Liputan6.com, Jakarta - Wakil Gubernur (Wagub) DKI Jakarta Rano Karno menyoroti minimnya dukungan sektor perbankan terhadap industri film nasional. Padahal, kata dia, sektor ini terbukti memiliki potensi besar dan basis penonton yang kuat.
Hal ini disampaikan Rano dalam perayaan Hari Film Nasional di Auditorium Perpustakaan Nasional, Jakarta Pusat, Kamis (2/4/2026).
Advertisement
“Seumur hidup saya di dunia film, tidak ada satu perbankan pun yang bersedia membiayai film. Karena dianggap film mempunyai risiko yang lebih besar,” kata Rano.
Rano mengungkapkan, selama puluhan tahun berkecimpung di industri film, akses pembiayaan menjadi salah satu kendala utama bagi pelaku industri kreatif di Tanah Air. Pasalnya, kata Rano, karena tidak adanya jaminan konvensional seperti aset fisik yang diberikan pelaku industri kreatif tersebut.
“Karena kita nggak punya jaminan sertifikat atau BPKB (Buku Pemilik Kendaraan Bermotor) mobil untuk menjadikan jaminan. Sementara di dunia kreatif, IP (Intellectual Property) ini adalah modal yang paling termahal,” jelas Rano.

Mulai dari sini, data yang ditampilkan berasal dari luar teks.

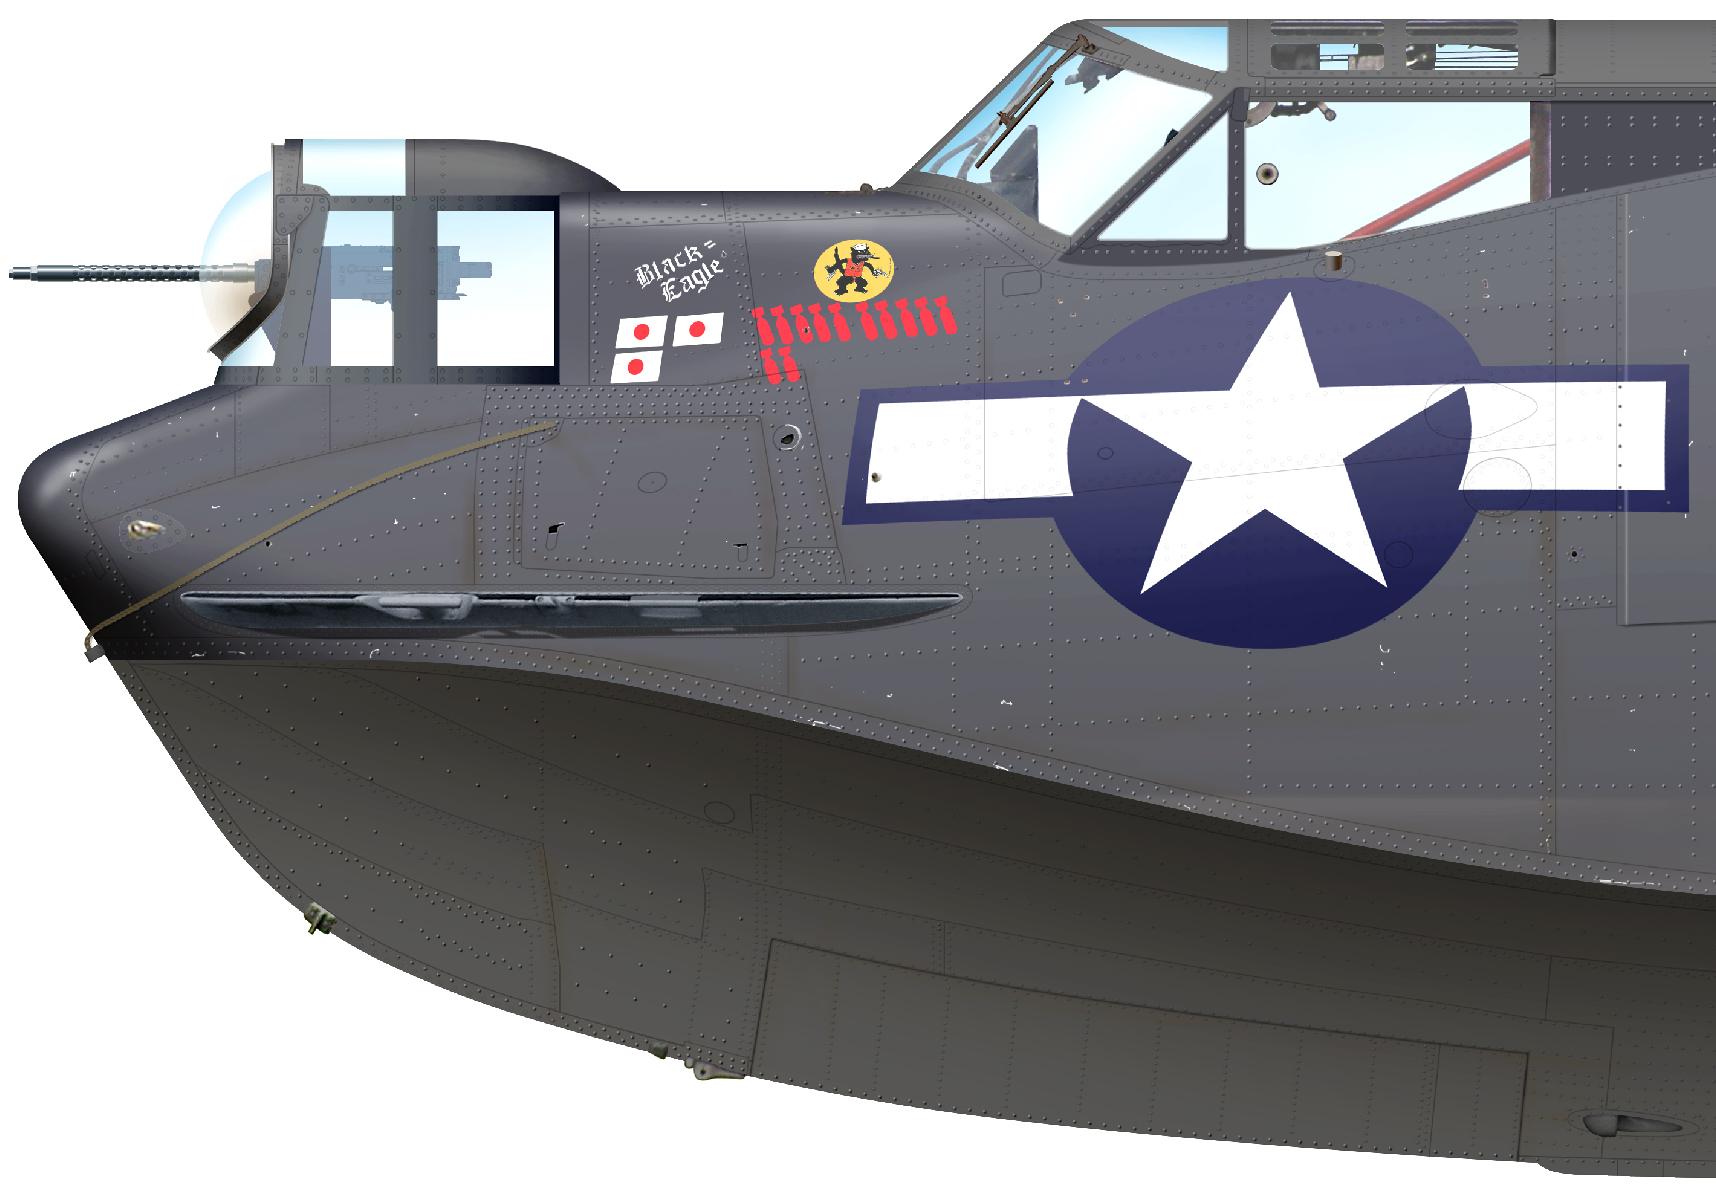 f4182d5b8ef PBY-5A Catalina 'Black Cat' Bu.No 46517 E-68 'Black Eagle' flown by  Capt.L.E.Rearden, Sr. of VPB-71, Manus Island, 1944
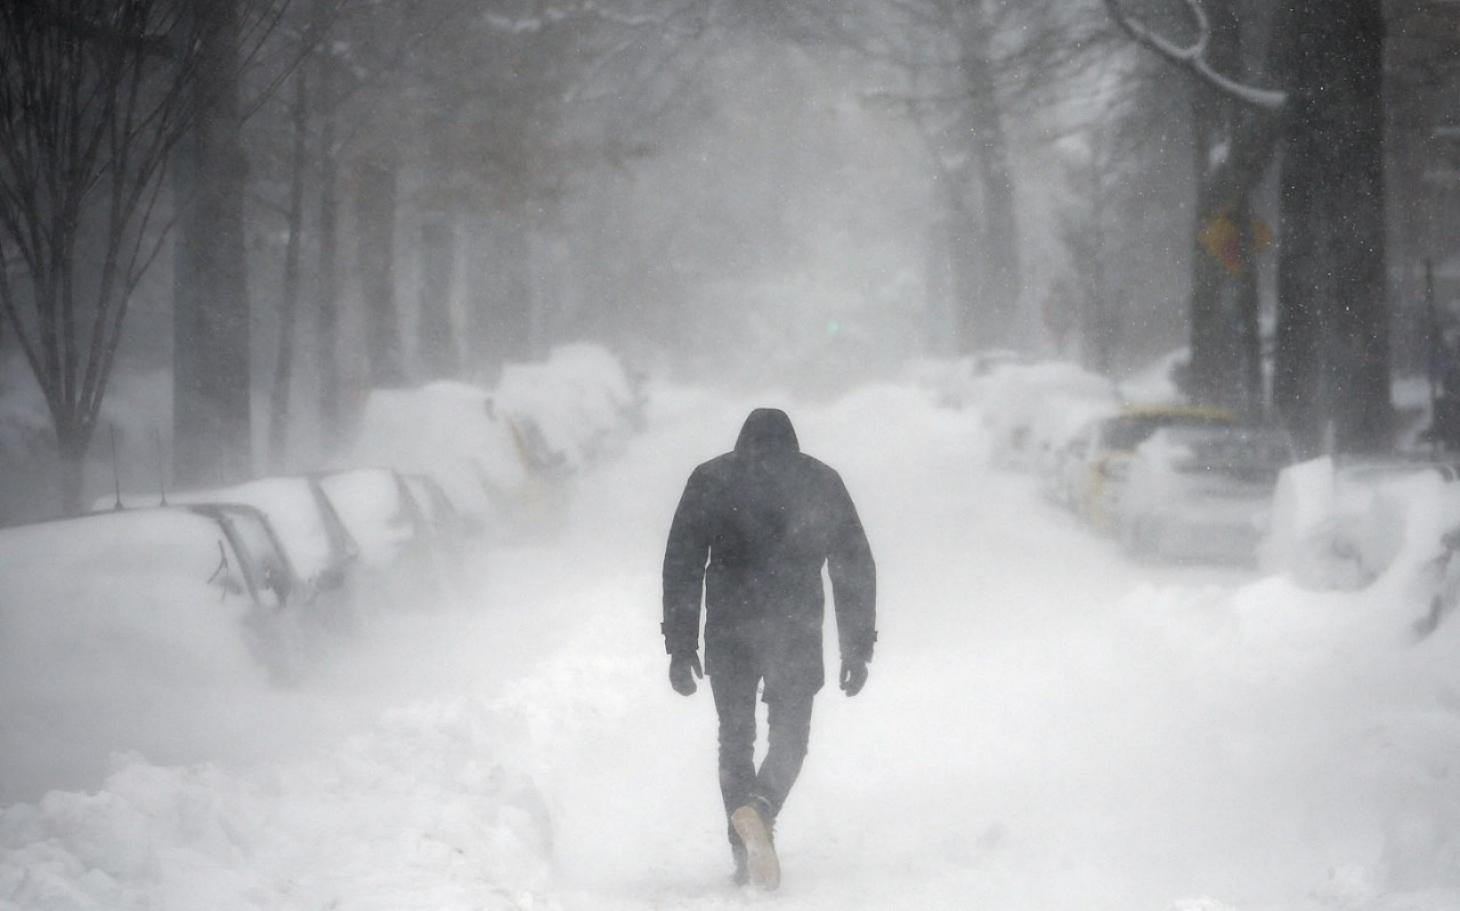 blizzard with hurricane winds hits east coast al jazeera

Padahal, menurut dia, industri film Indonesia menunjukkan perkembangan yang pesat dan signifikan. Dia menyebut jumlah penonton film di Indonesia pada 2024 mencapai 122 juta orang, dengan sekitar 80 juta di antaranya merupakan penonton film lokal.
“Artinya film Indonesia sudah menjadi tuan rumah di negerinya sendiri,” ujarnya.